Hattâ Devletimiz sadece kendi ülkesine ve insanlarına yetişmekle kalmayıp, yardıma ihtiyaç duyan onlarca ülkeye de imkânlar dâhilinde dokunarak ve yardım elini uzatarak göğsümüzü kabartmakta.

Böyle de olması gerekiyor zaten. Tarihin ve medeniyetimizin omuzumuza yüklediği bu sorumluluktan kaçamayız.

***

Sadece ülkemizin değil, tüm yerkürenin tek gündemi Koronavirüs...

Hâl böyle olunca, muhalefetimizin gündeminin de pandemi olması beklenir, öyle değil mi?

Gelin görün ki, Ayşenur Arslan’ın Halk TV’deki programında, “Koronavirüsten daha çok AKP’li yaşlılar ölecek” müjdesinden bugüne muhalefet dalgasına bakıyor!

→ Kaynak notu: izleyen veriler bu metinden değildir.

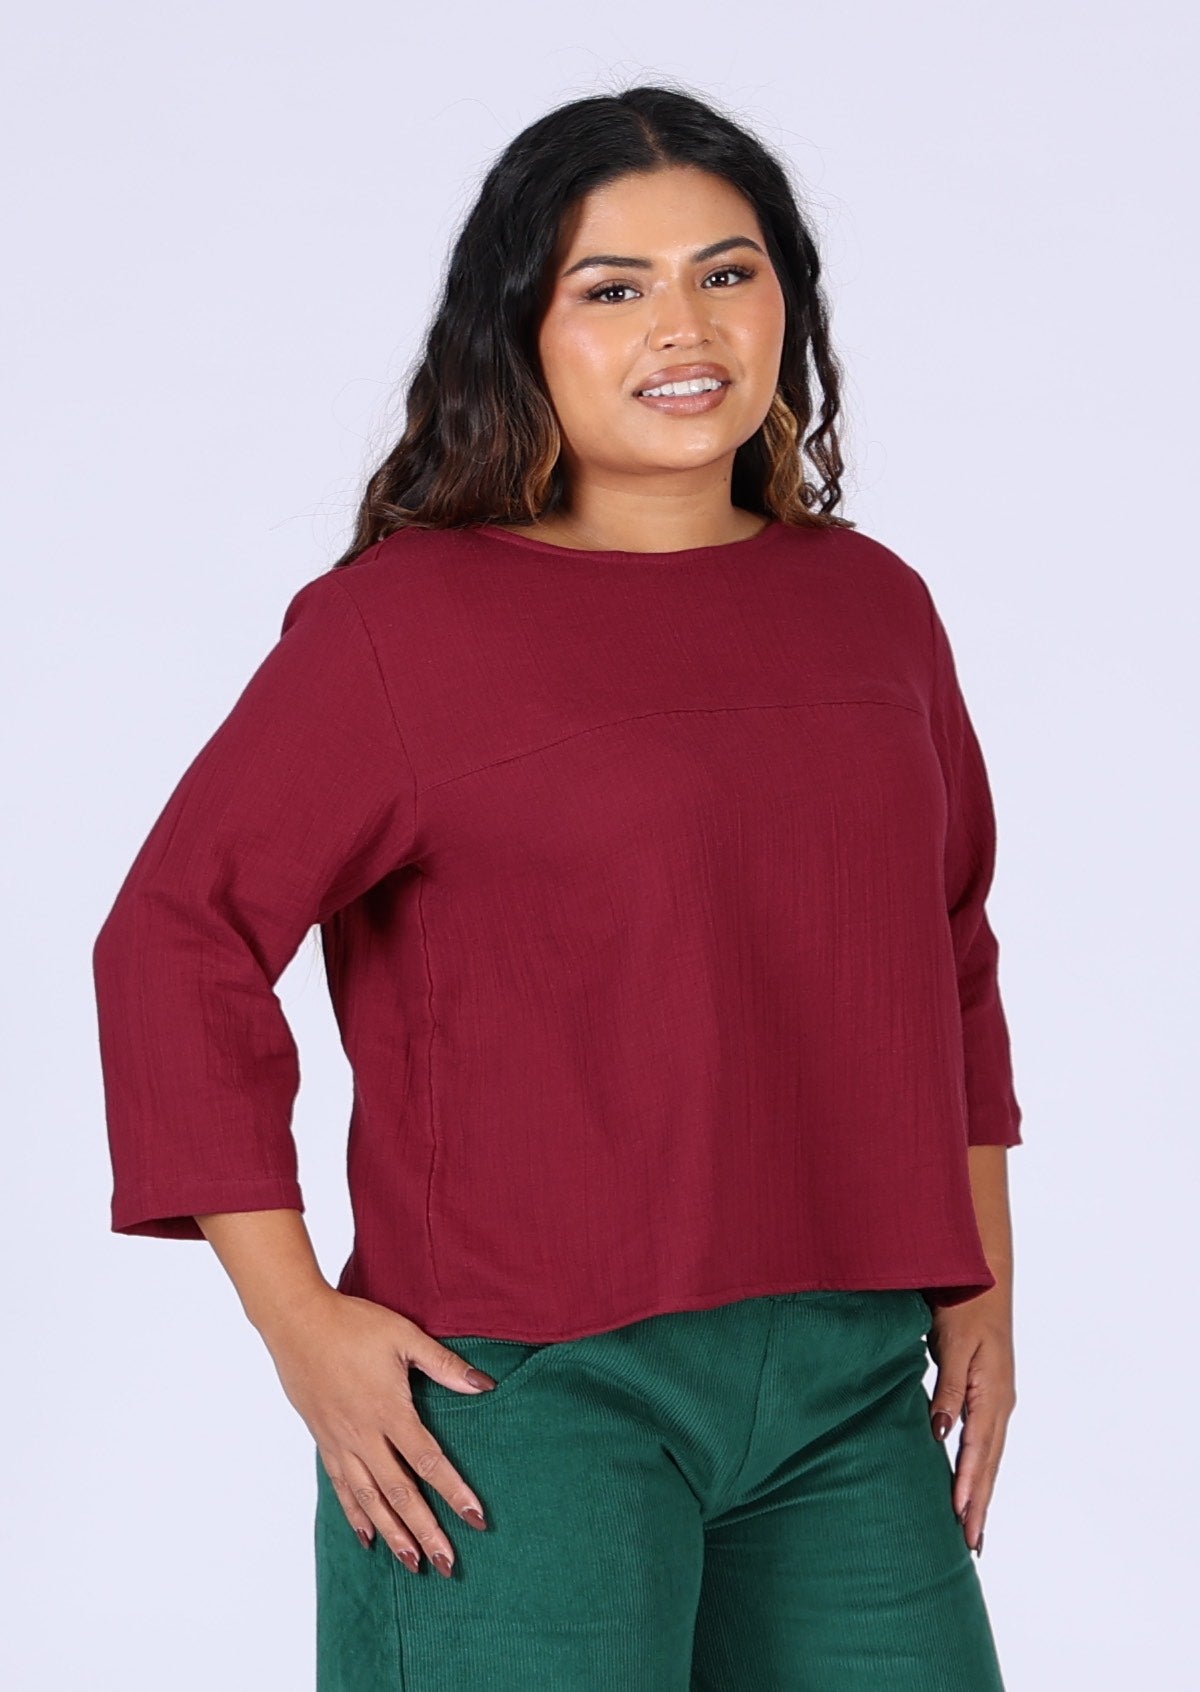 Model wears deep warm red double cotton top with 3/4 sleeves and high round neckline

Bu yüzden olsa gerektir, sokağa çıkma yasaklarına kadar İzmir, Beşiktaş, Şişli ve Kadıköy gibi lâik caddelerimizde iğne atsanız yere düşmezdi, hatırlayınız.

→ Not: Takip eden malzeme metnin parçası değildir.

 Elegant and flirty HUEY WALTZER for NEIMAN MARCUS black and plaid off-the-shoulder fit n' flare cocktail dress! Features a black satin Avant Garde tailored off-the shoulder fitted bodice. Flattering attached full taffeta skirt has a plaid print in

Muhtemelen AKP’lilerin ölüm sürecini hızlandırmak ve “Tanrı’yı kıyamete zorlamak” için İmamoğlu ısrarla ve inatla İETT otobüslerini hâlen garajlarda bekletmekte ve sefer sayılarını arttırmama noktasında katı şekilde defans yapmakta.

***

CHP Grup Başkan Vekili Özgür Özel, pandemiden CHP kitlesinin daha güçlü çıkacağını düşünüyor olsa gerektir ki, Cumhurbaşkanı Erdoğan’ı, bürokratları ve devlet memurlarını ağız dolusu tehdit edebilmekte.

Hattâ CHP İstanbul İl Başkanı Canan Kaftancıoğlu ablamız, vitesi yükseltmiş, bu pandemide Erdoğan’ın ölmeme ihtimâline yönelik (B plânı olarak) darbe imalarında bulunmakta, sadece iktidarın değil, sistemin de değişeceğinin muştularını vermekte.

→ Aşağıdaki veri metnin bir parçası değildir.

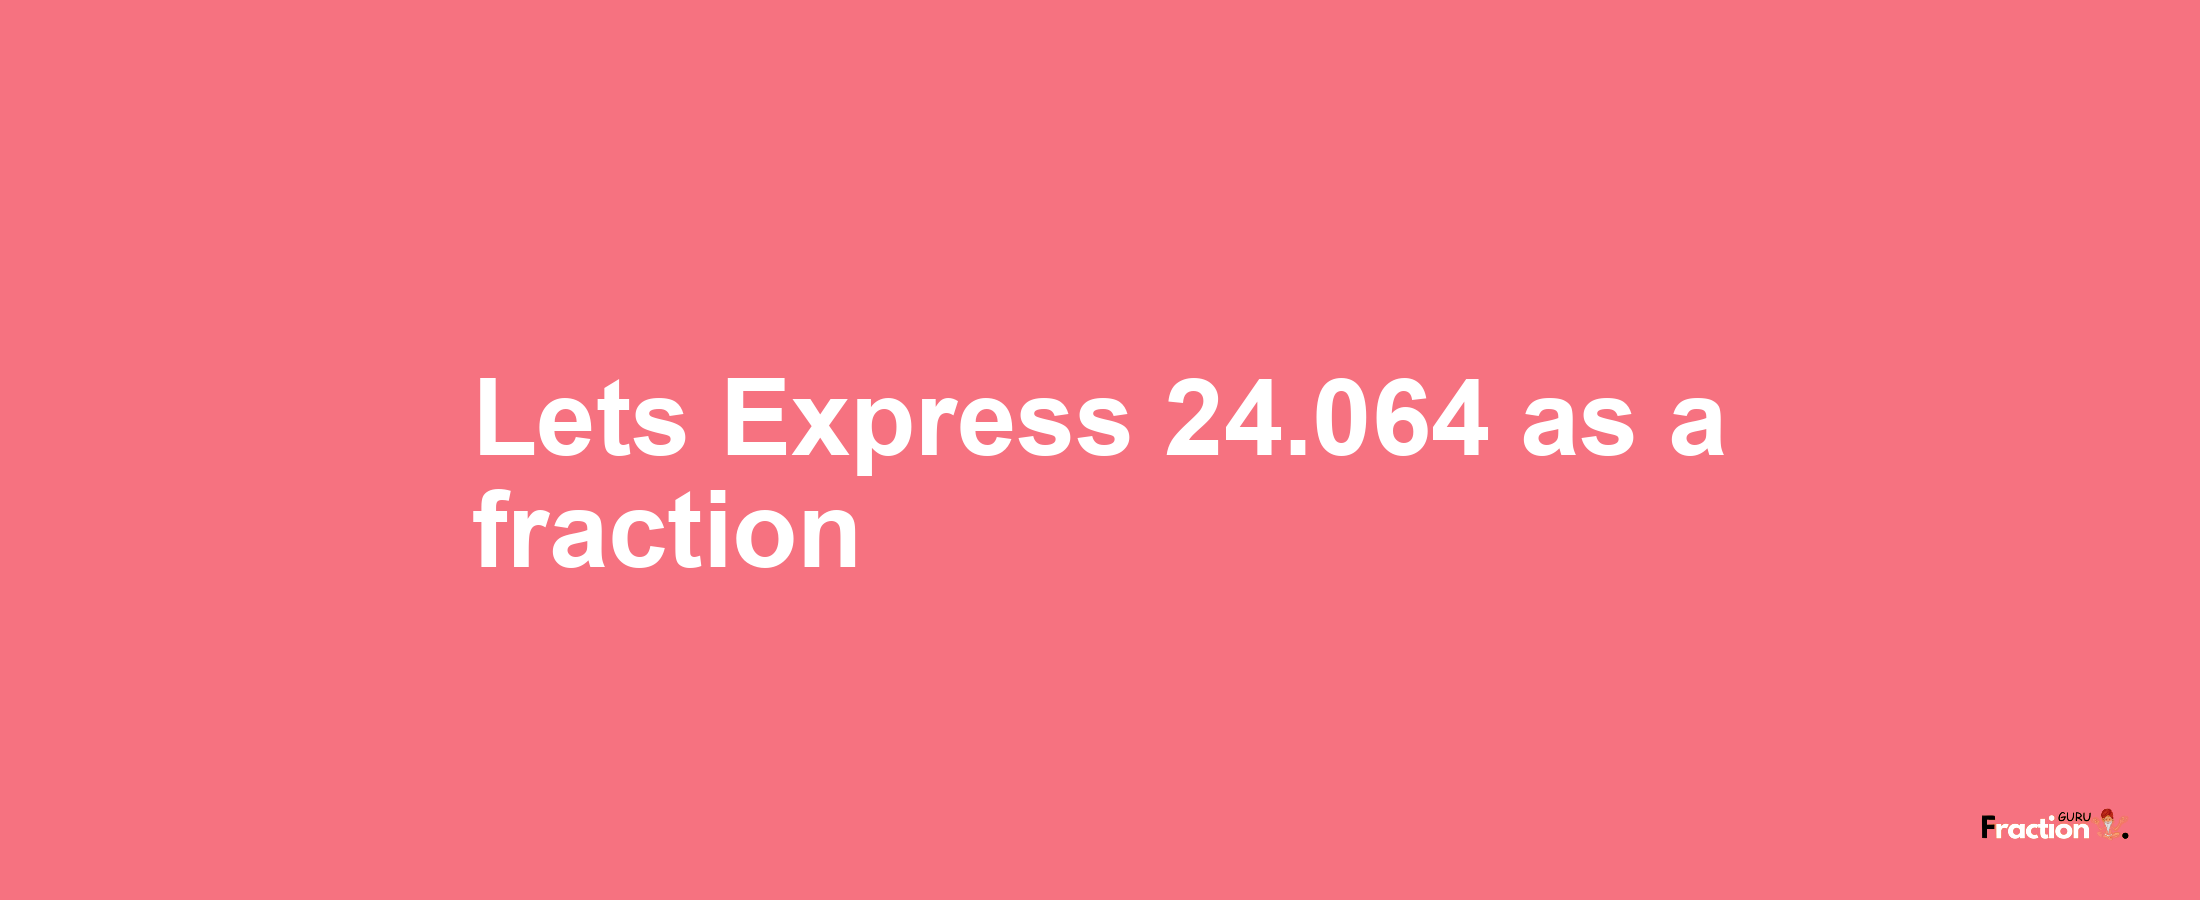 Lets Express 24.064 as afraction

Her ne kadar bu pandemiden “AKP seçmeni daha çok etkilenecekse” de, gündemi tümden ıskalamak da olmazdı hani…

Bu yüzden sahra hastanesi fena fikir olmayabilirdi. Gerçi onlarca şehir hastanesine dudak büken, bu hastaneleri gereksiz bulan, inşaatlarının durdurulmasını isteyen kitlenin CHP’li belediye tarafından Adana’da fuar alanından bozma, derme çatma “sahra hastanesini” sitayişle alkışladıklarına şâhit olduk ama olsundu, gidiş yoluna da puan vermek lâzım.

***

Koronavirüsten ölmeden önce bazı AKP’li troller, İmamoğlu’nun 90 liralık yardım kolisi için 150 lira talep etmesine höykürmüş olsalar da Başkan’ın bu kolilerin prototip olduğunu söylemesi sonrasında seslerini kestiler. Sonuçta “bu bir baz” idi.

Tabiî son günlerini yaşayan yaşlı AKP’lilerin fitre ve zekât ibadetlerinin yerine getirilmesi ve huzur içerisinde ölmeleri için Belediyenin gerekli hizmeti sağlaması da gerekiyordu. İmamoğlu, bu konuda verdiği fetvayla, sorumlu Belediye Başkanı olarak üzerine düşen vazîfeyi yerine getirmiş oldu.

23 Nisan’da çocuklar için hazırlanan İBB kolilerinden çıkan broşür konusunu hiç açmayayım, yoksa bu paragraf bu yazıda kapanmaz!

***

Sorumlu bir muhalefet olarak CHP’nin bir vazîfesi de İsveç’ten ambulans uçakla getirilen hastanın Sağlık Bakanı Fahrettin Koca ile olan akrabalık ilişkisini deşifre etmekti.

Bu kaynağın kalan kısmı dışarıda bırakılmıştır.